**TASK REQUIREMENTS**
Exact transcription of the data below is required, without the images.

======== STORED DATA

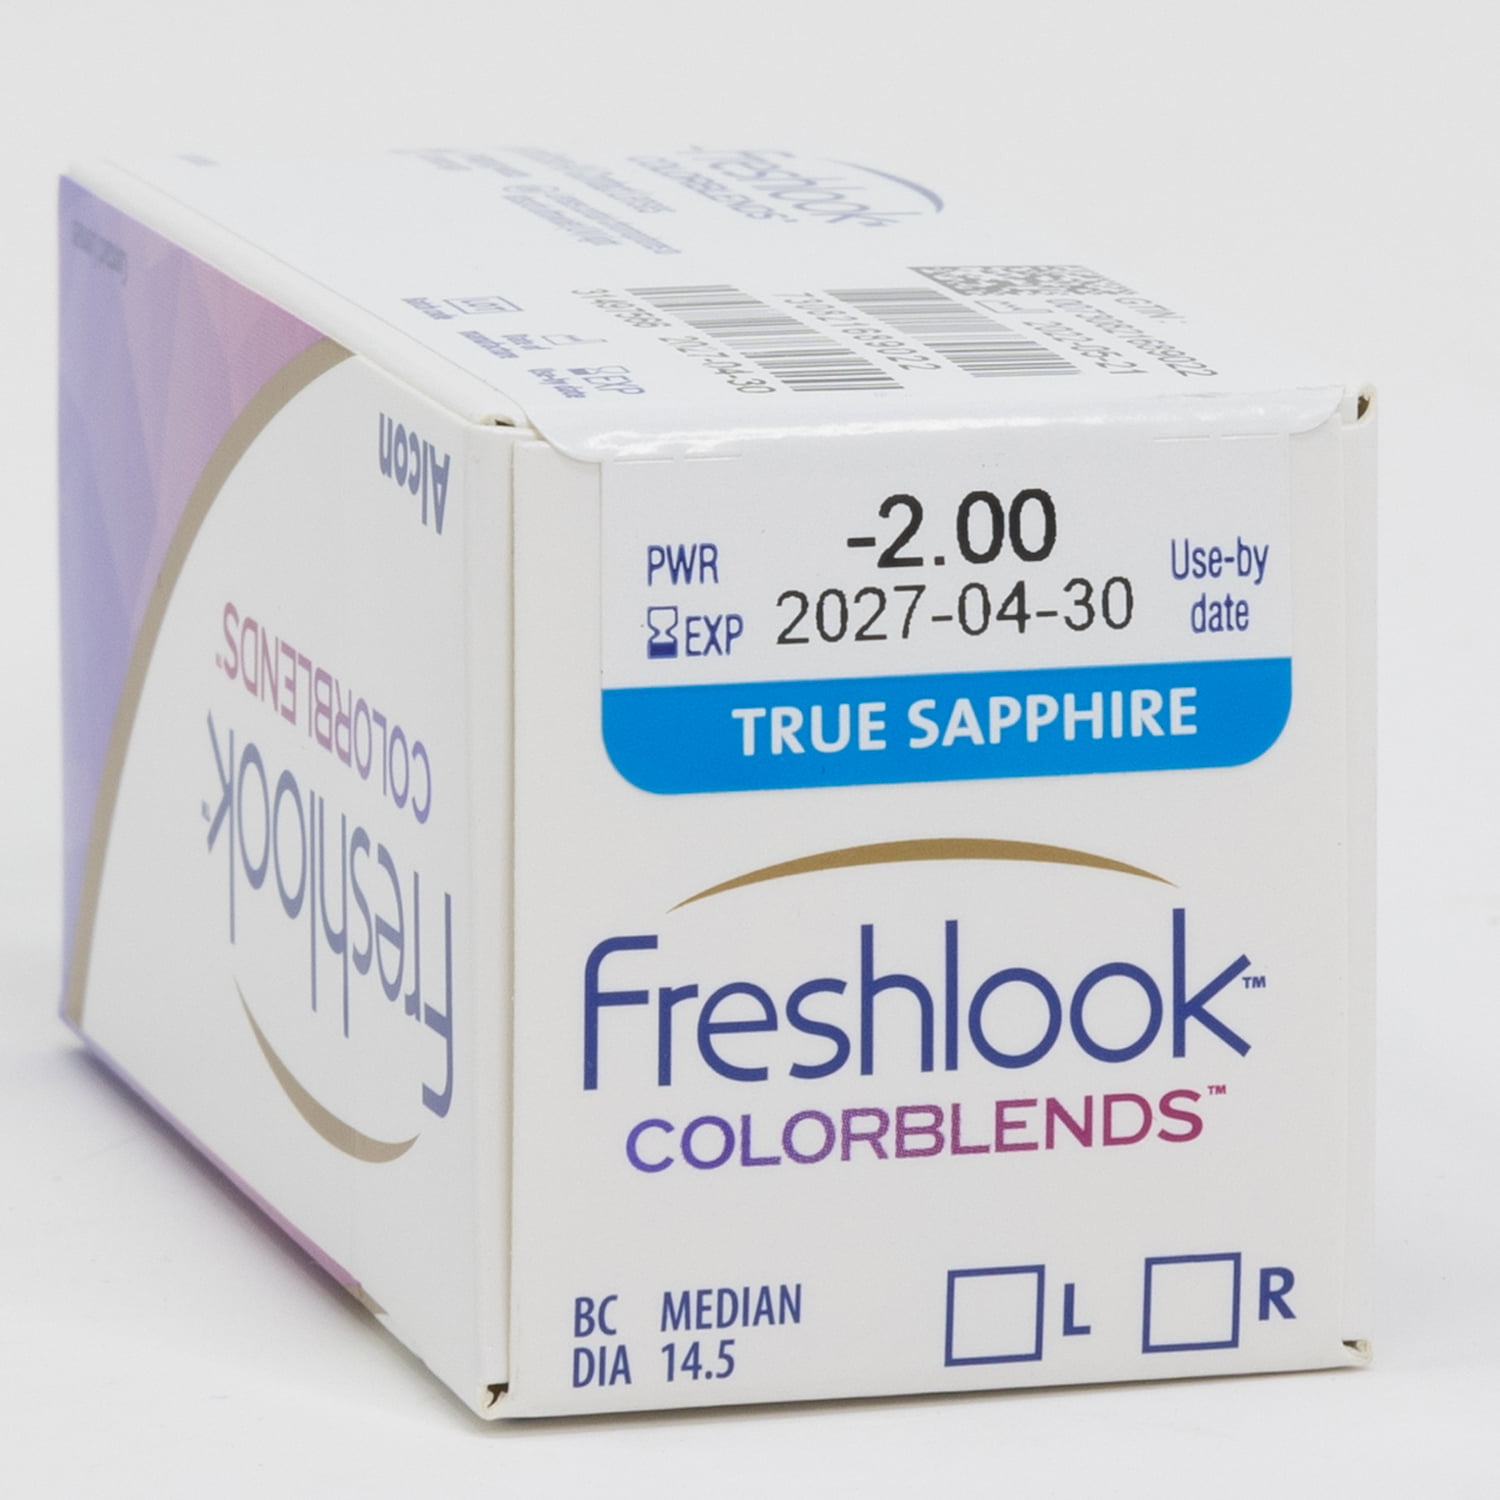 freshlook colorblends logo
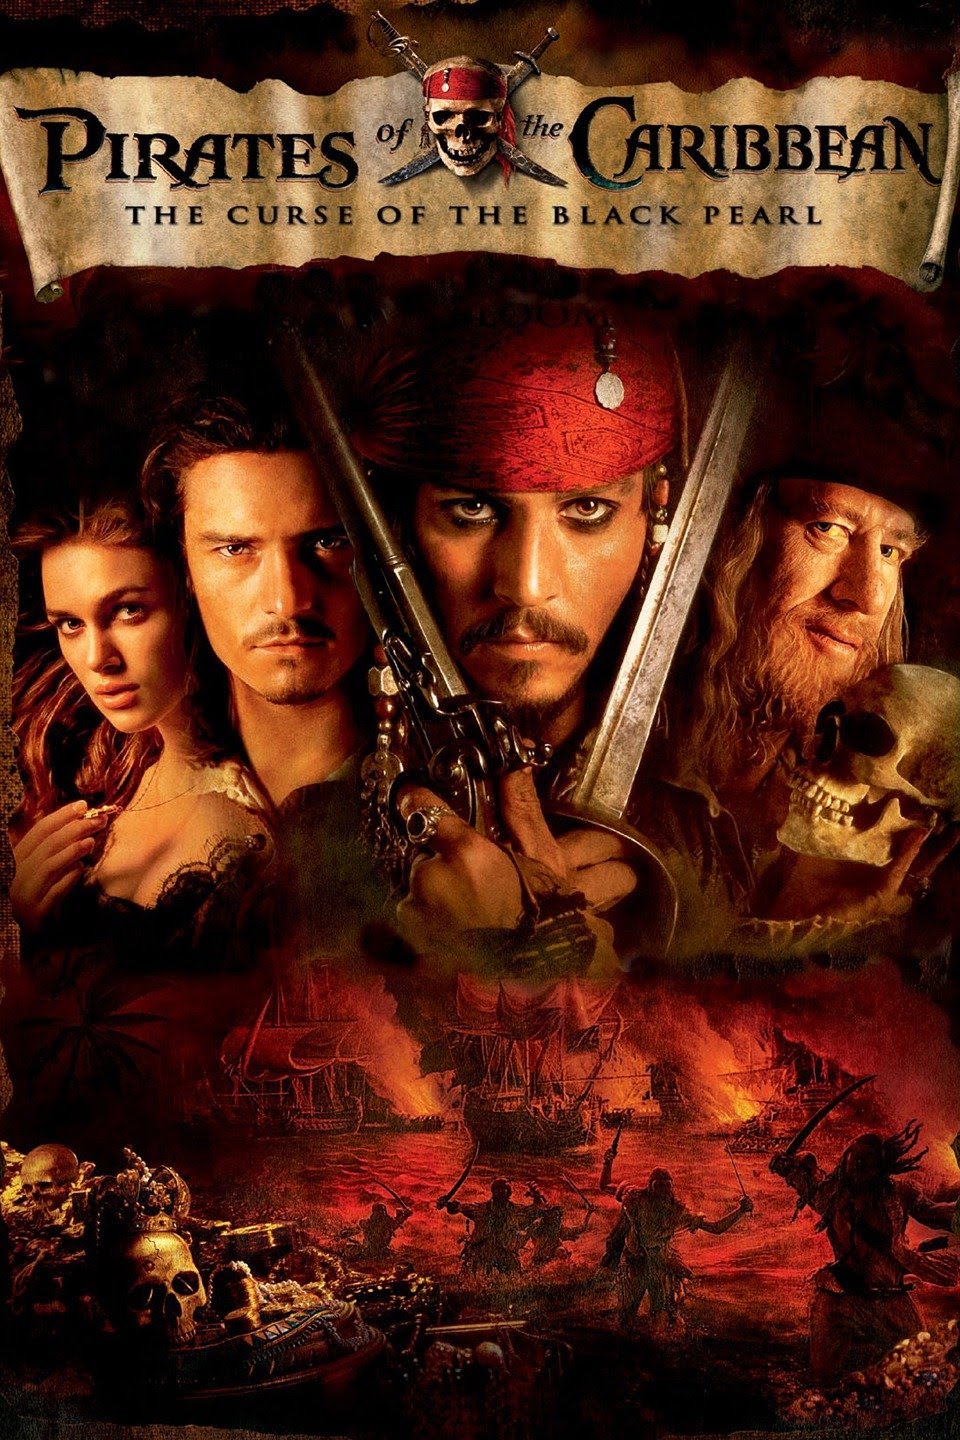 Pirates of the Caribbean (série de filmes) – Wikipédia, a enciclopédia livre
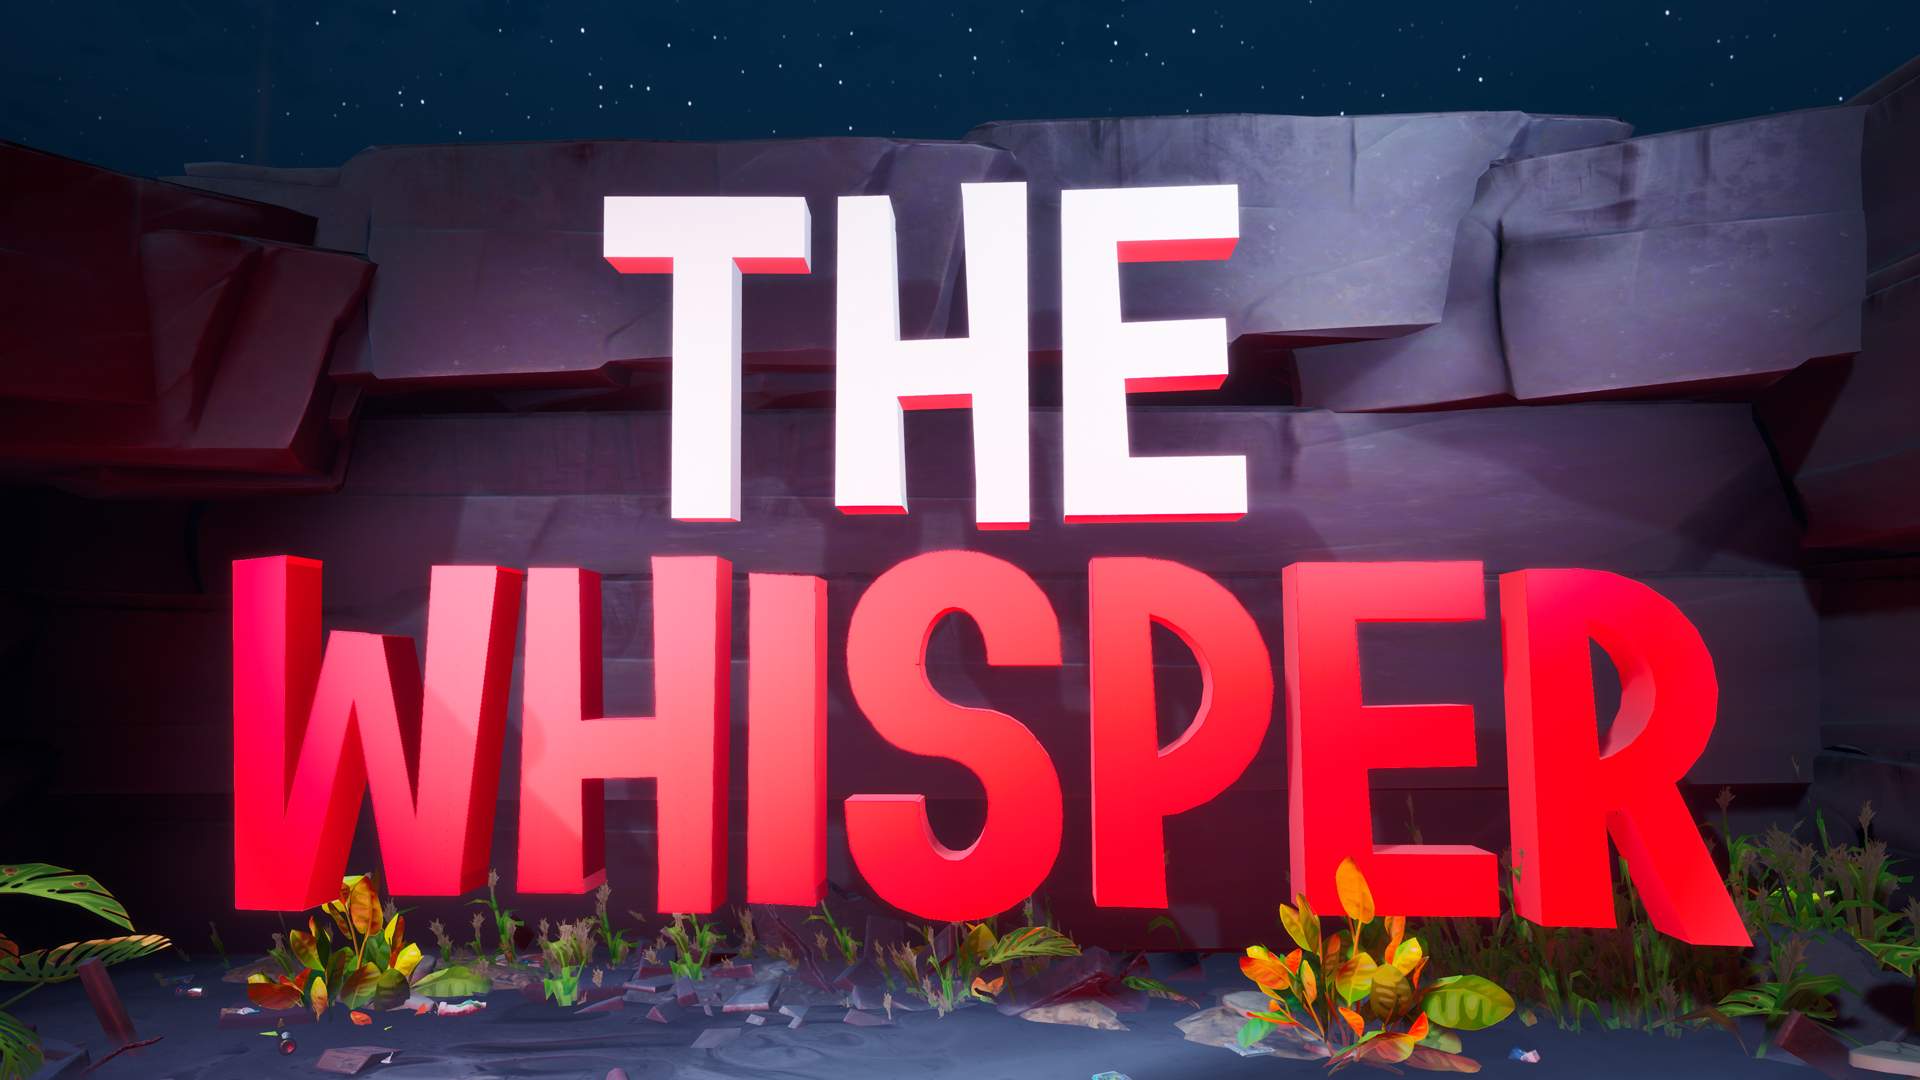 THE WHISPER image 2
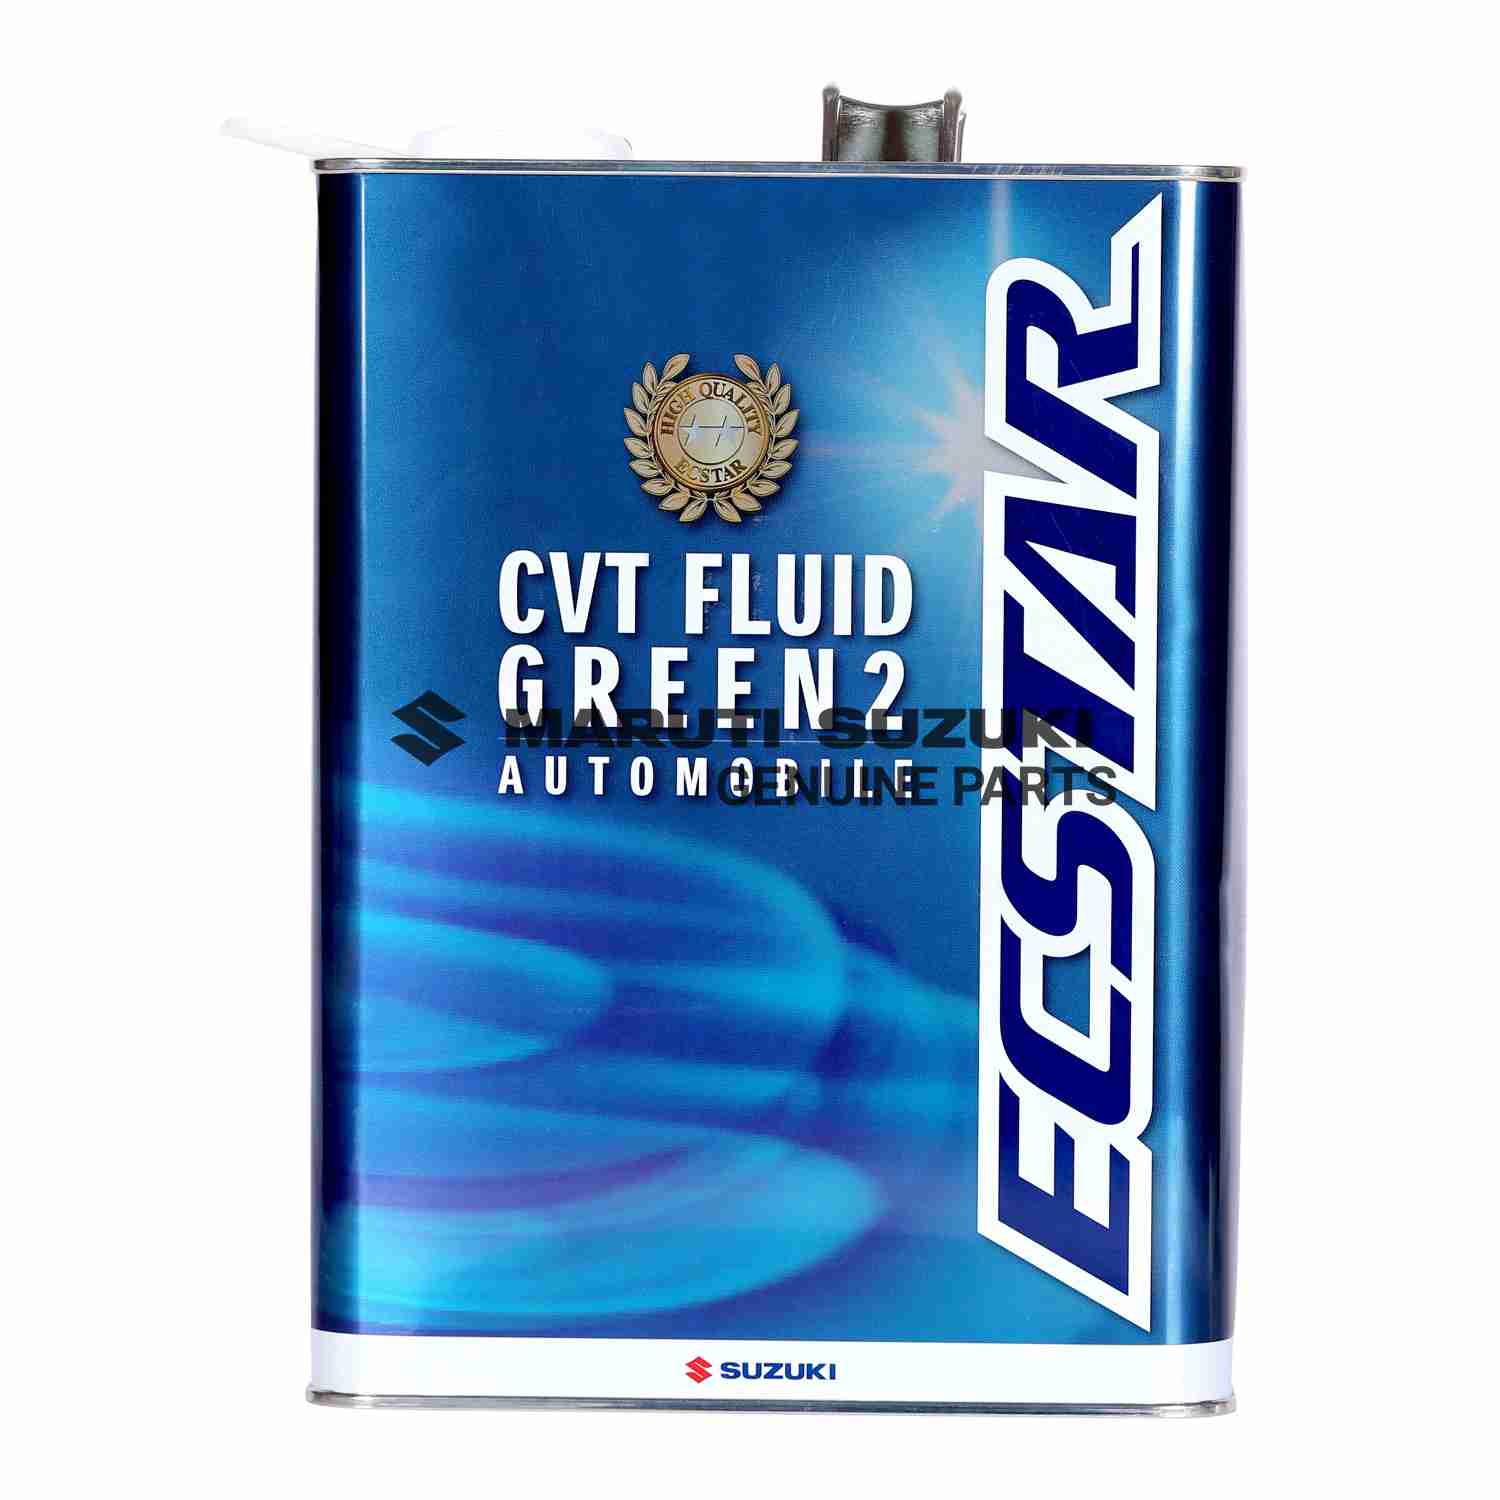 CVT FLUID GREEN-2

================

**ANSWER TO THIS PROBLEM**
 freshlook colorblends logo
 Pirates of the Caribbean (série de filmes) – Wikipédia, a enciclopédia livre
 THE WHISPER image 2
 CVT FLUID GREEN-2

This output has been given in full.